Coercion to live in an institution

People with disabilities have the right to live outside of institutions. We supported a successful constitutional complaint that clarified this - an important step in the fight for a self-determined life.

On March 14, 2019, the Federal Constitutional Court found that the Rhineland-Palatinate Regional Social Court had violated fundamental rights in summary proceedings concerning the assessment of the benefit entitlements of a person with disabilities. Subsequently, the Regional Social Court corrected its case law on May 10, 2019 and provisionally and temporarily granted the requested funds until September. The complainant Markus Igel has been fighting for years for his right to lead a self-determined life outside an institution as a person with disabilities. With the help of a personal budget, he employs assistants as an employer and thus shapes his own care and life. People with disabilities often have to fight for an appropriate amount of the personal budget in court proceedings that last for years: In Markus Igel's case, not a single first-instance judgment on the merits has been issued in five years. Until the conclusion of the court proceedings, however, authorities often de facto force beneficiaries to live in institutions by paying out a budget that is too low - and thus largely forego an individual lifestyle.

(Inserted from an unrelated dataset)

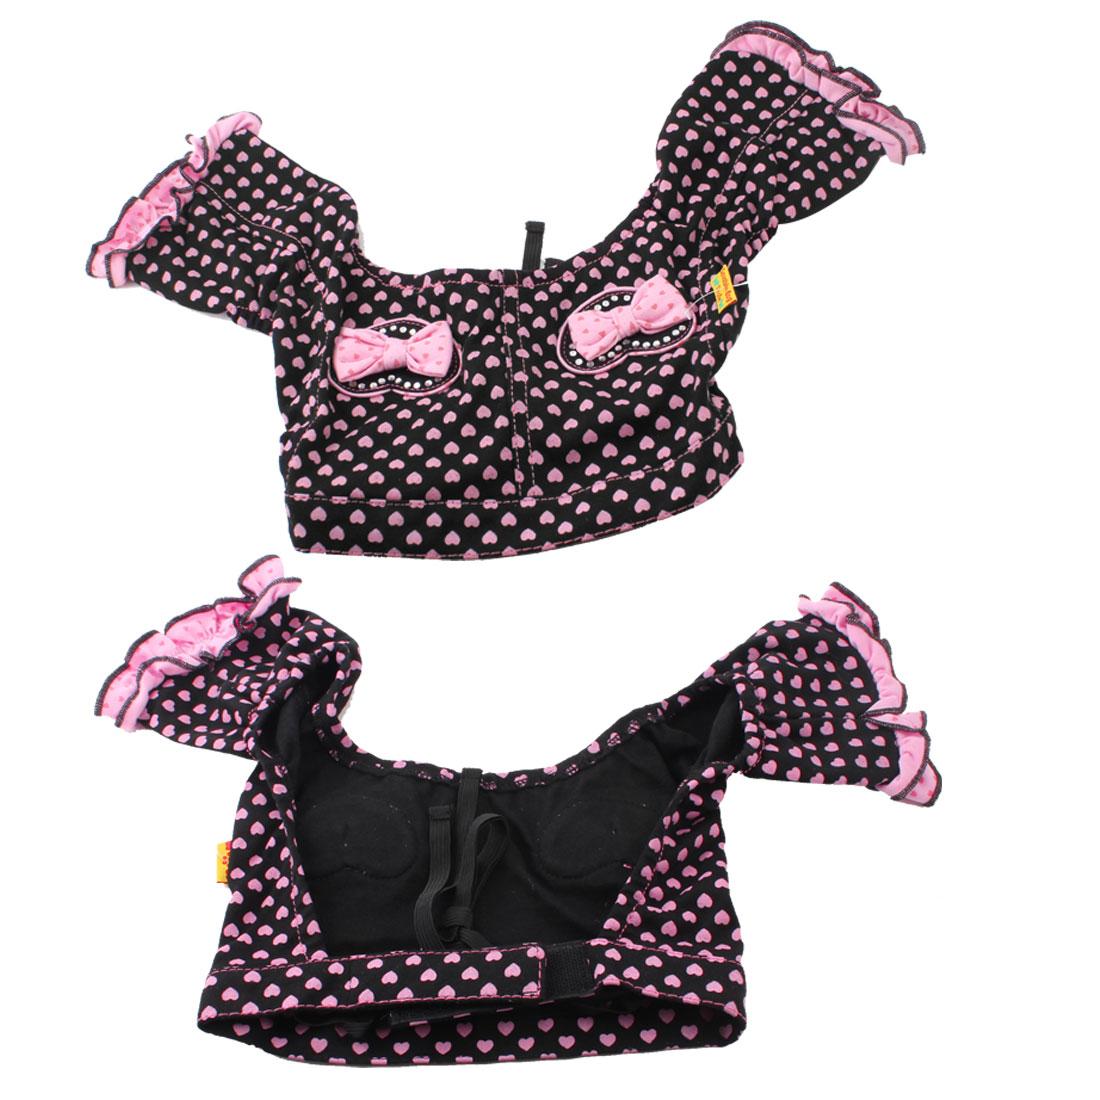 Pink Black Heart Pattern Hook Loop Fastener Pet Dog Doggie Trousers Pants Size S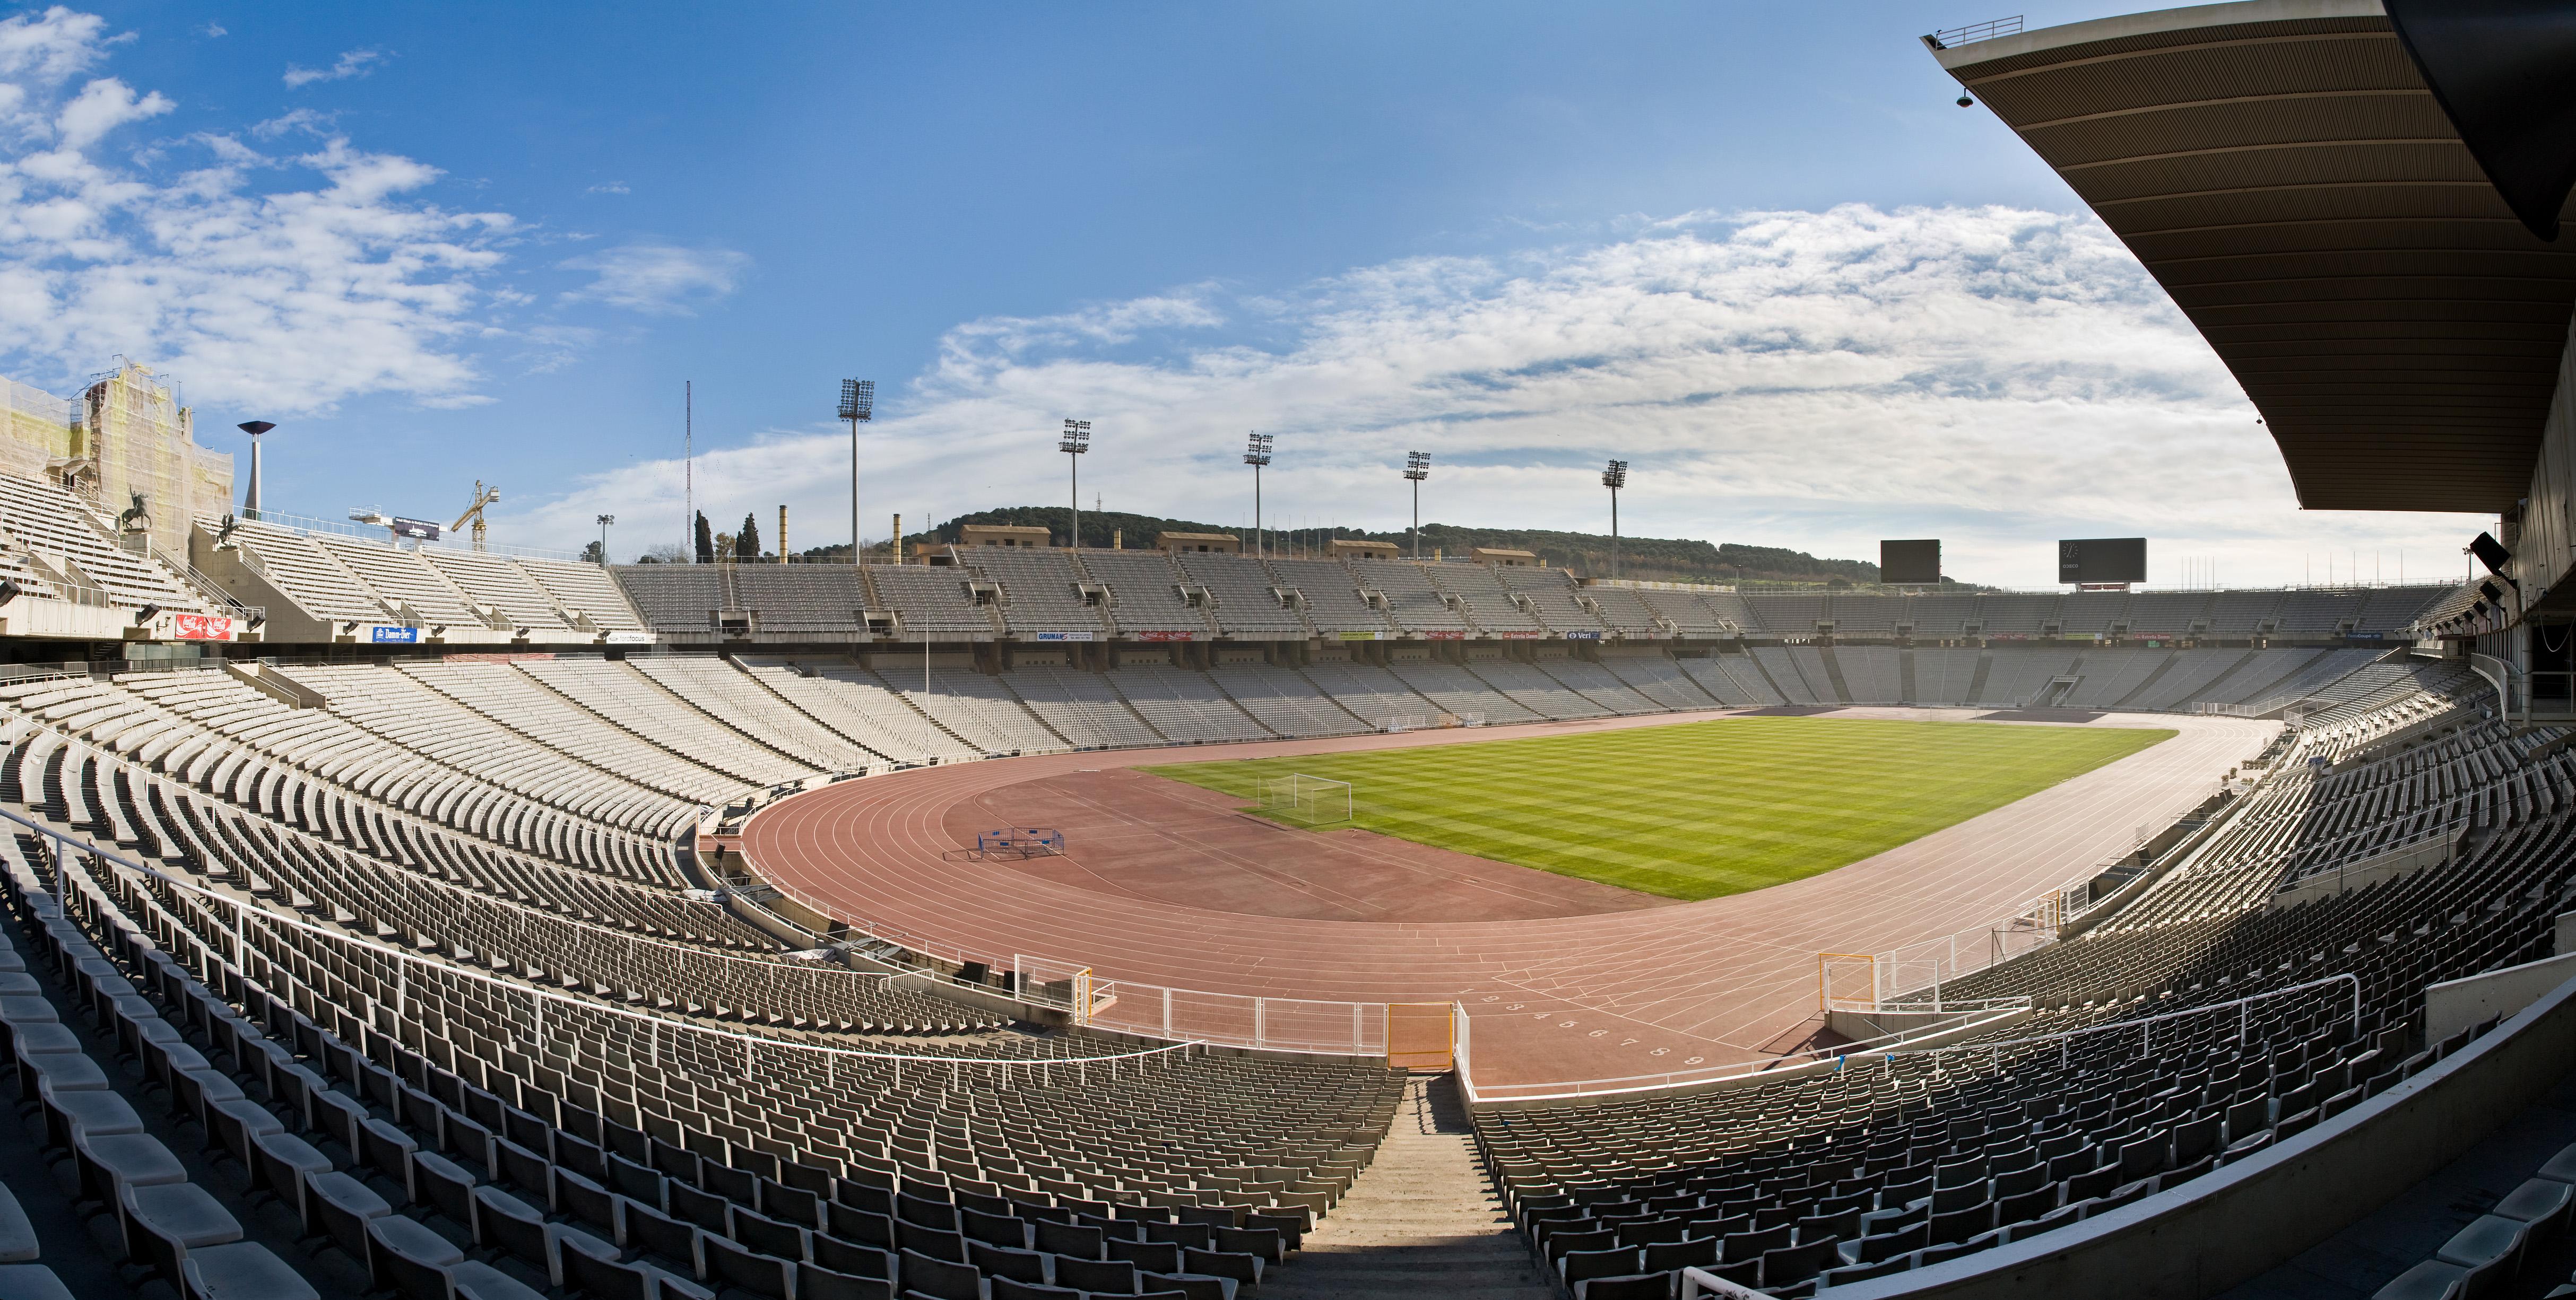 estadi_olimpic_lluis_companys_-_barcelona_spain_-_jan_2007

Therefore, for Markus Igel, as for many others, the judicial summary proceedings are the only chance to receive the necessary amount for self-determined assistance. The authority, the Social Court of Mainz and also the Rhineland-Palatinate Regional Social Court simply did not deal with the detailed justification of the requested and initially granted amount. The constitutional complaint was therefore the last chance for him to obtain justice.


The GFF advised Markus Igel and his lawyer Dr. Oliver Tolmein on the constitutional complaint. The Federal Constitutional Court agreed with our opinion and found a violation of the right to effective legal protection. This is the second time that the Federal Constitutional Court has backed the complainant. It has now persuaded the Reinland-Pfalz Regional Social Court to provisionally grant the funds applied for.